* Prompt
Work through the listing below and give again exactly the lines from the one with "KESS CITROEN CX" to the one with "Geheimtipp Hamburg Gordons", both ends included. All other lines and all pictures stay out.

* Materials provided
↓↓↓

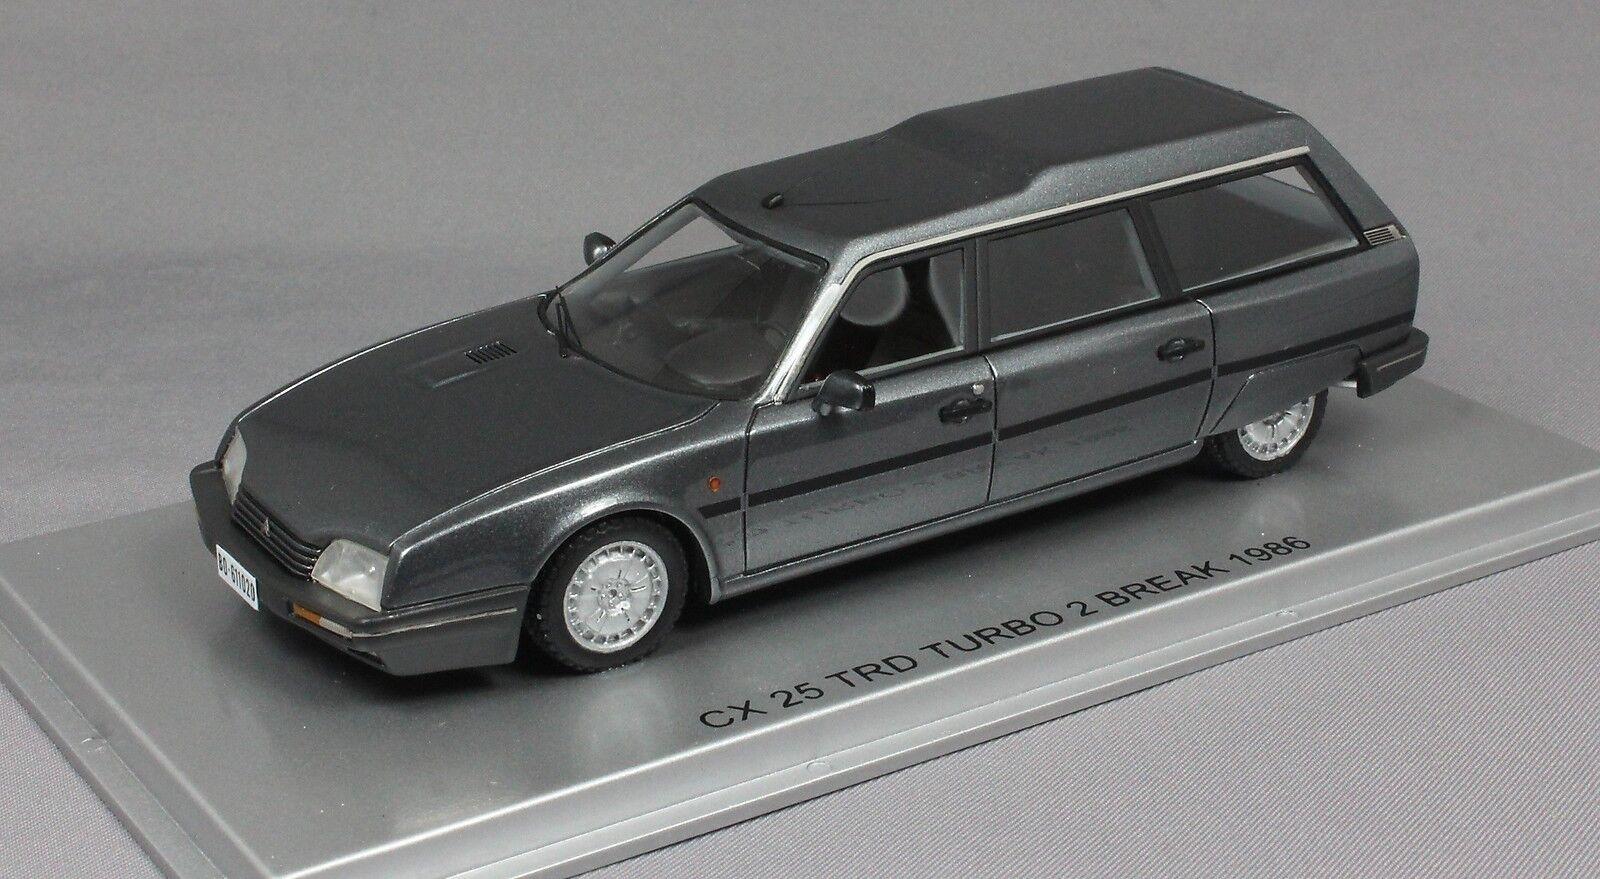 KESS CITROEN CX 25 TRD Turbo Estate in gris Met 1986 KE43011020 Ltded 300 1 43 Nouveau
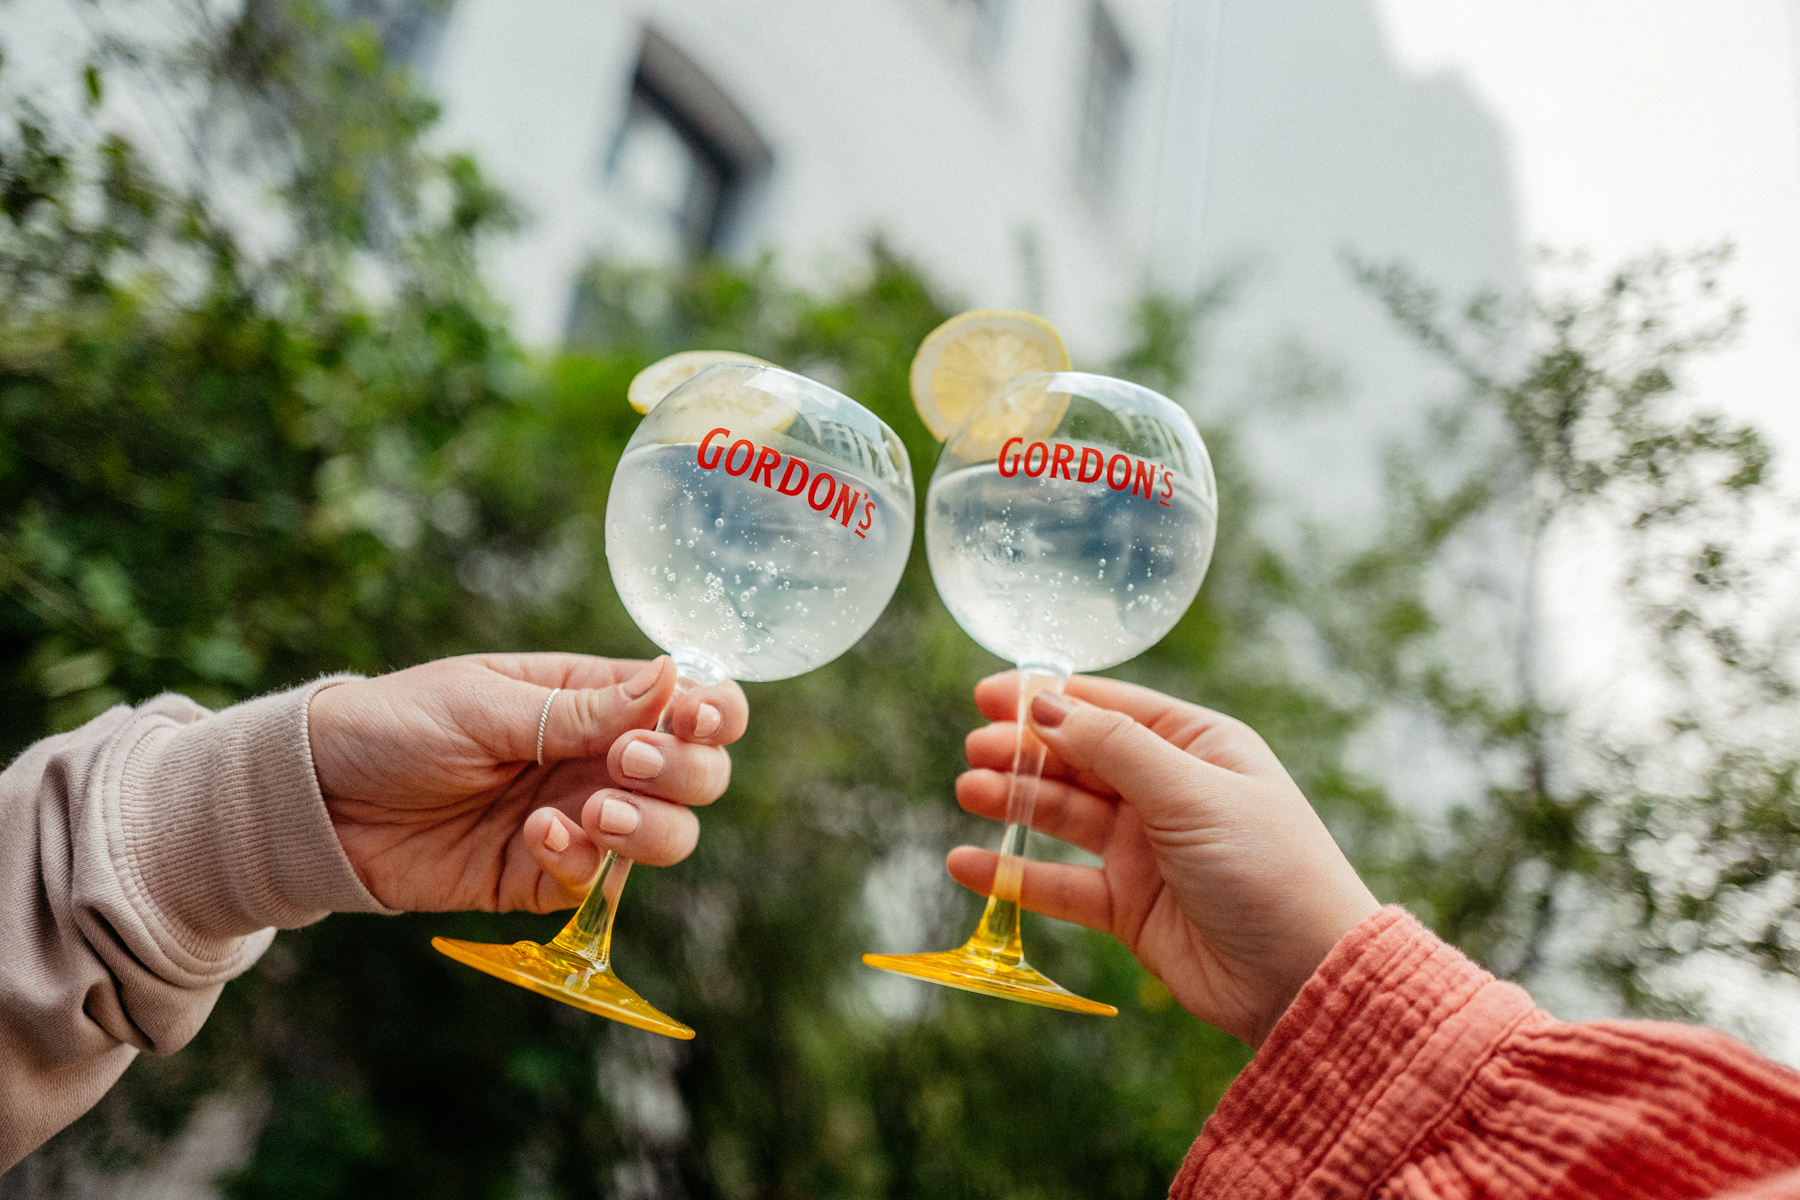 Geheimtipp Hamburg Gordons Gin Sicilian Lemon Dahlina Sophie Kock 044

↑↑↑
↓↓↓

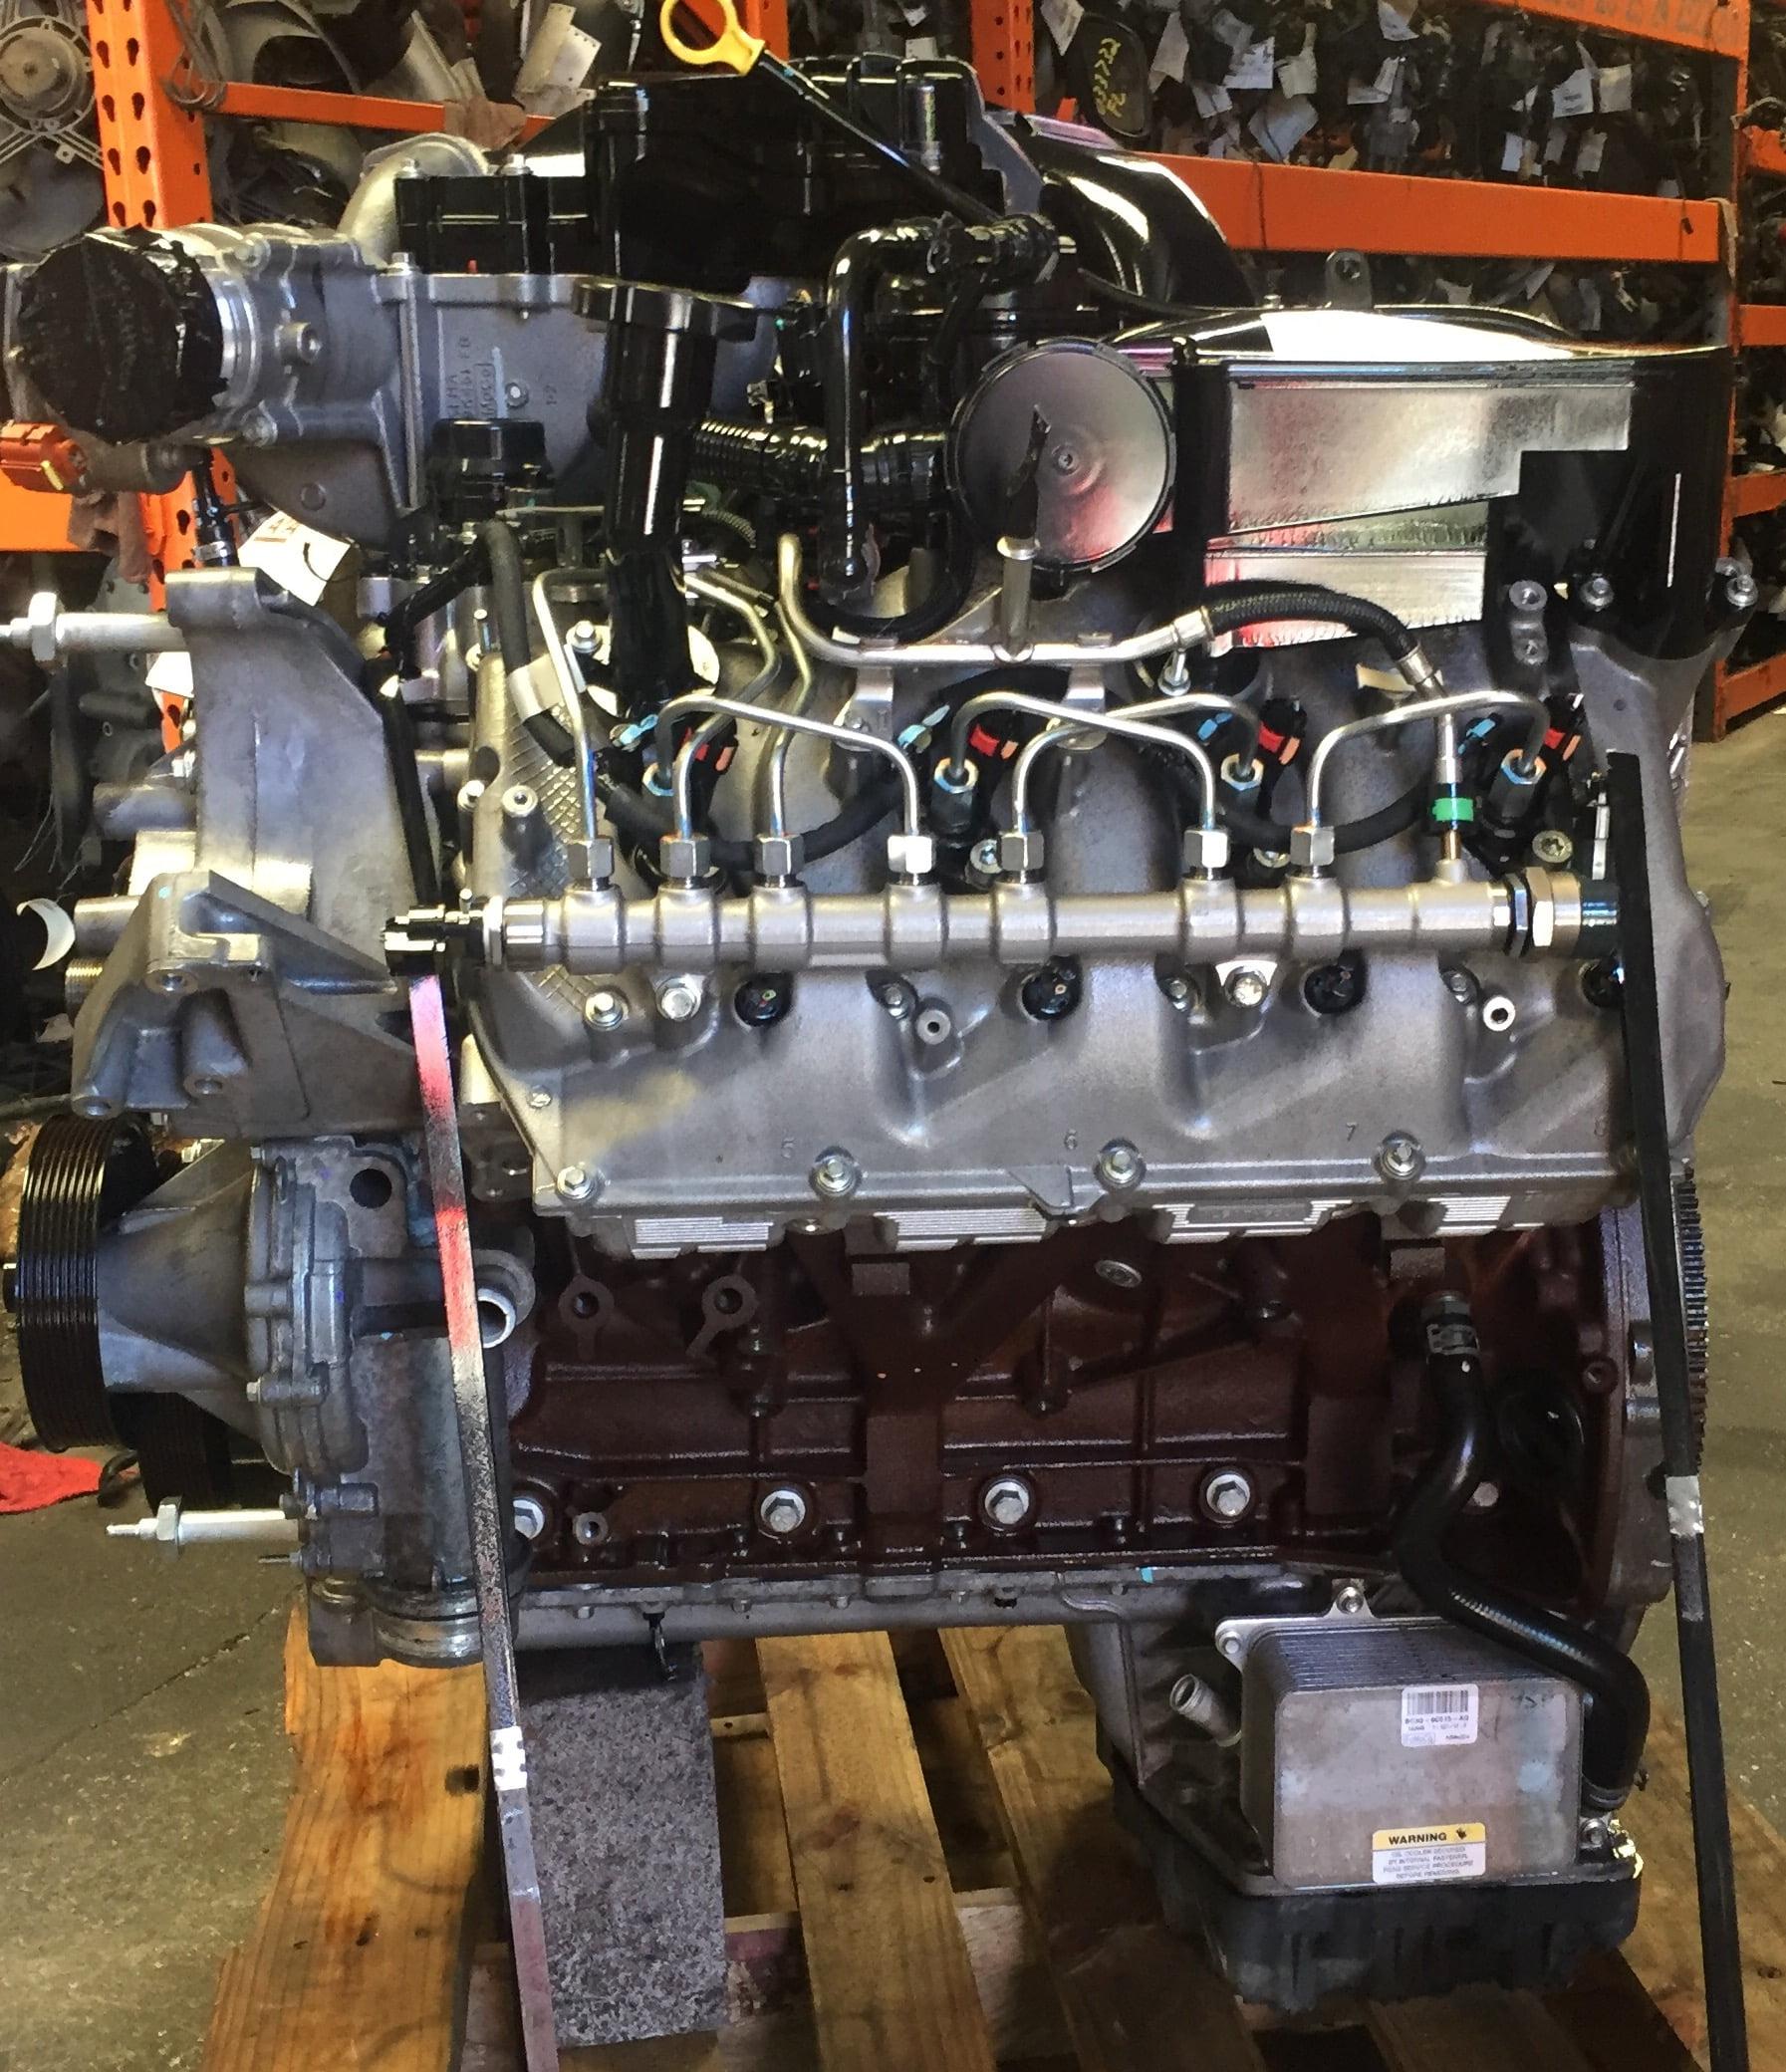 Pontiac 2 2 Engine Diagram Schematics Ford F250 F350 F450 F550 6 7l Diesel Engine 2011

↑↑↑

* Exercise result
 KESS CITROEN CX 25 TRD Turbo Estate in gris Met 1986 KE43011020 Ltded 300 1 43 Nouveau
 Geheimtipp Hamburg Gordons Gin Sicilian Lemon Dahlina Sophie Kock 044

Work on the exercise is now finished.